I grabbed a copy of the flat file from the server and took a look at it, just to see what was there. First off, I realized that there was quite a bit of extraneous information that will need to be stripped out. That could be done easily by hand with a few search & replace commands and some spreadsheet manipulation. So, the easy way out would be to do it all by hand every week. Here* is what I was able to do after some trial and error, working with books added in the previous week.
A harder route would be to put together a program that would take the cleaned up but still raw text file and convert each line into <item> entries, with appropriate fields for <title> (book title), <description> (publication information & location), <category> (collection), etc. This new XML file would replace the old one every week. If I knew any Perl or ColdFusion, I’m certain that I could whip something up fairly quickly.

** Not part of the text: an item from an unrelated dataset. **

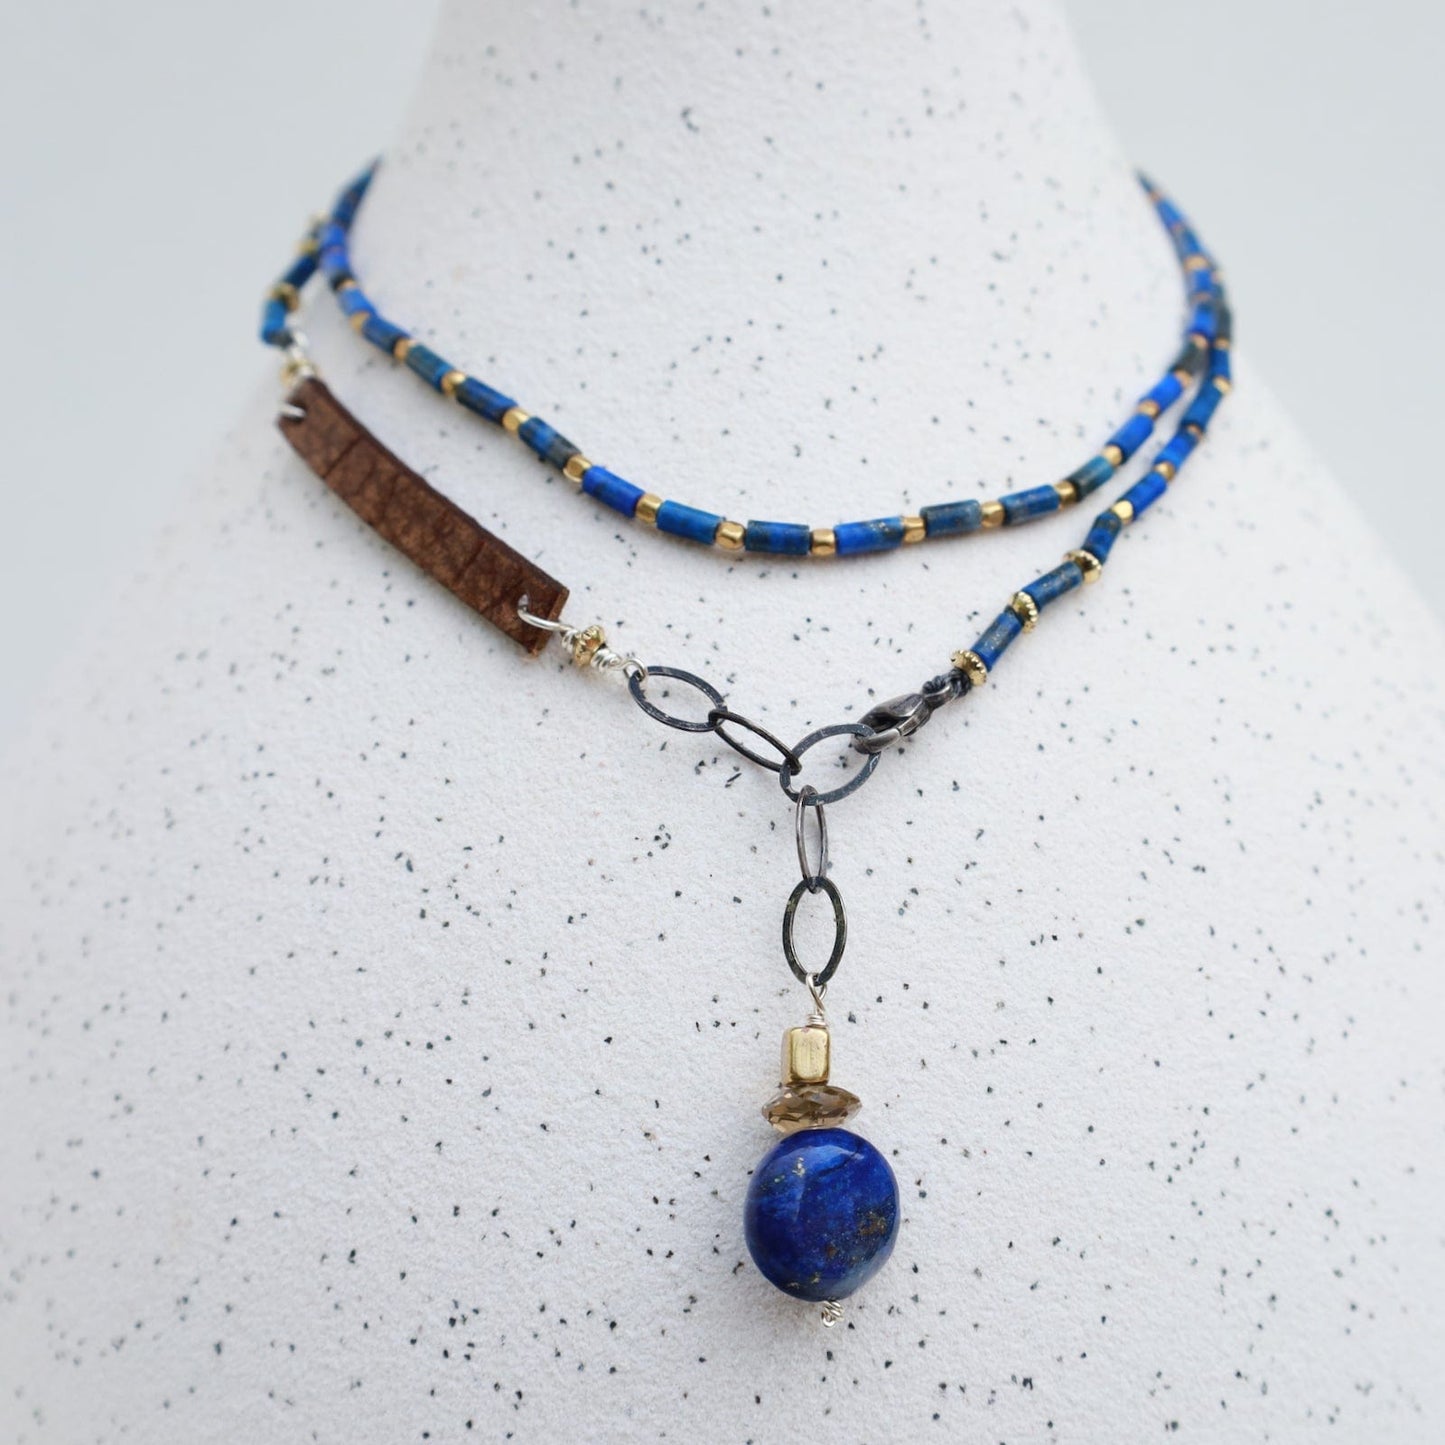 NKL Delicate Lapis & Leather Necklace
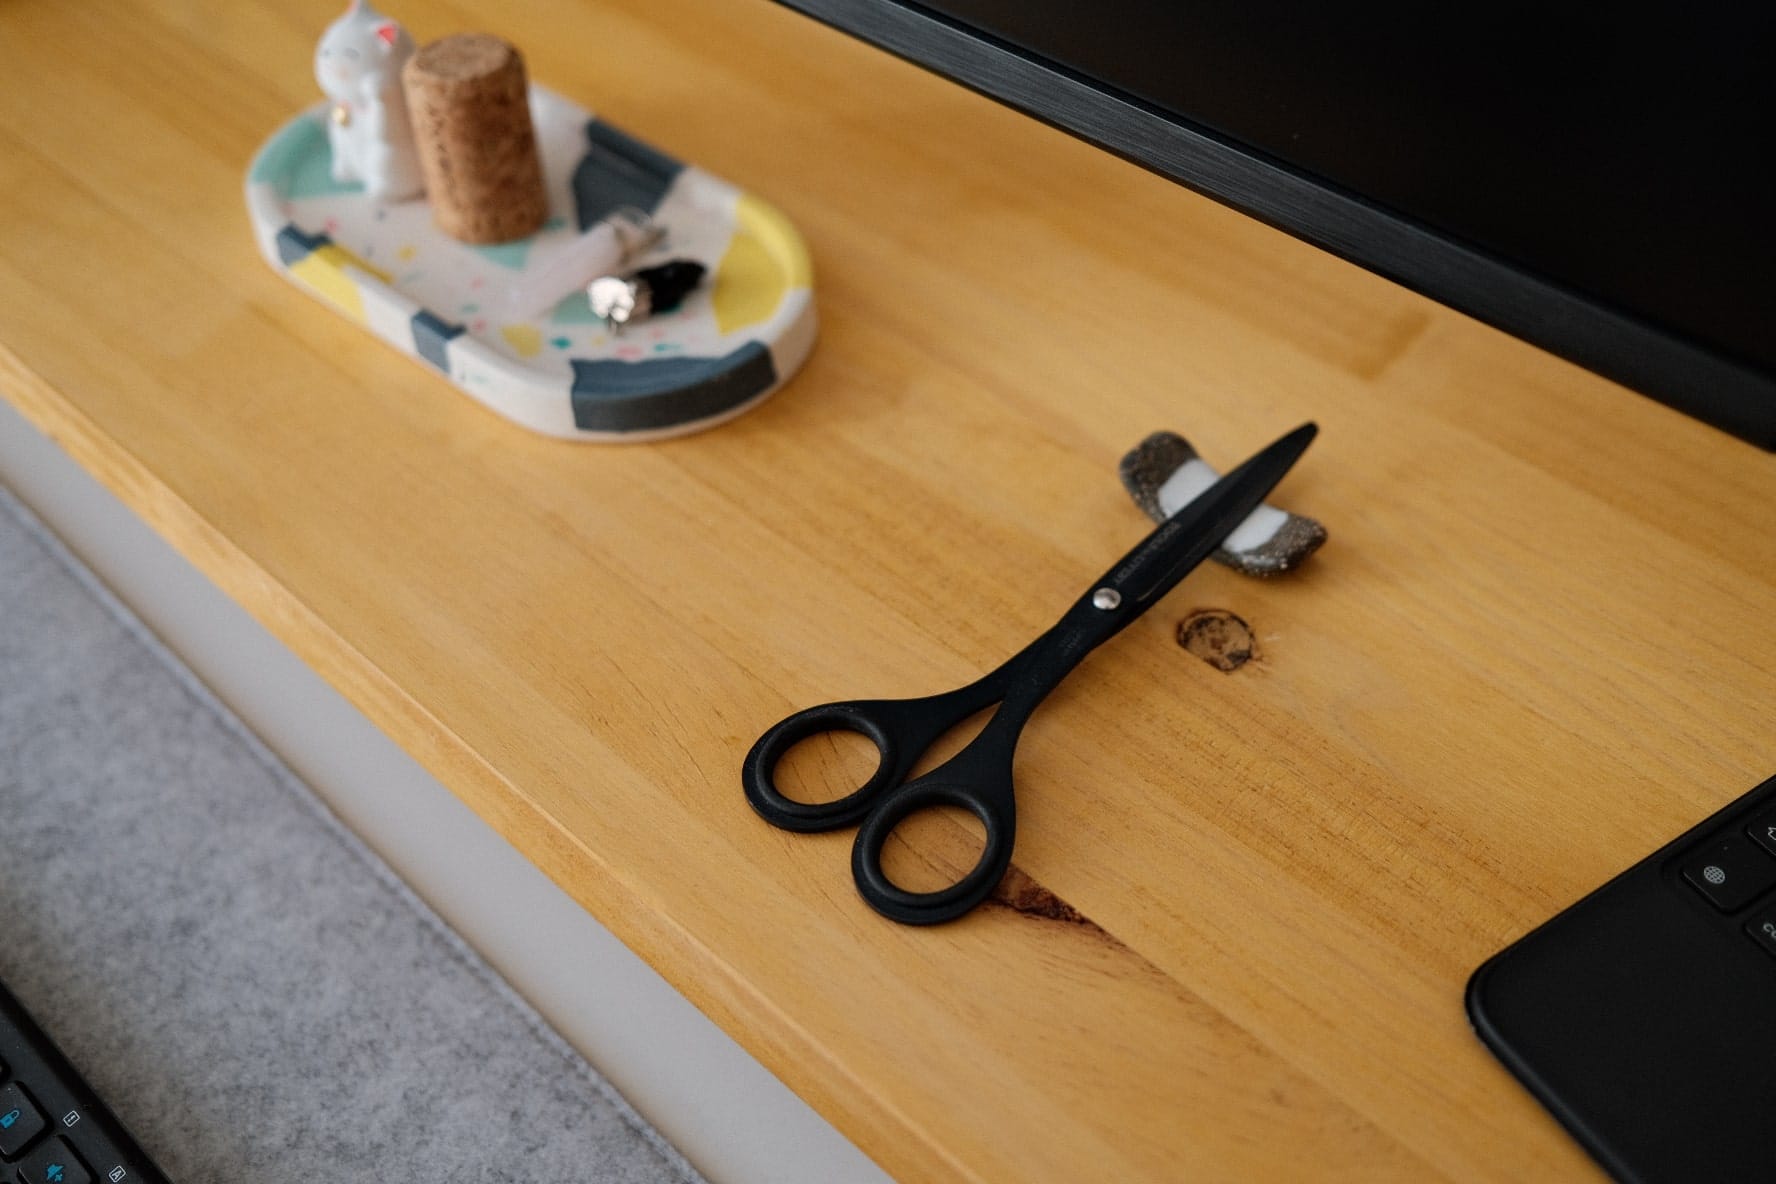  A close-up of a wooden desk with a pair of black scissors, a cork stopper, and a decorative tray with a small figurine

The ideal option would be to write a program that goes into the catalog daily and pulls out information about new books added and generates the XML file from that. I suspect that it would work similarly to Michael Doran‘s New Books List program, but would go that extra step of converting the information in to RSS-friendly XML.
If anyone knows of some helper programs or if someone out there in library land is developing a program like this, please let me know.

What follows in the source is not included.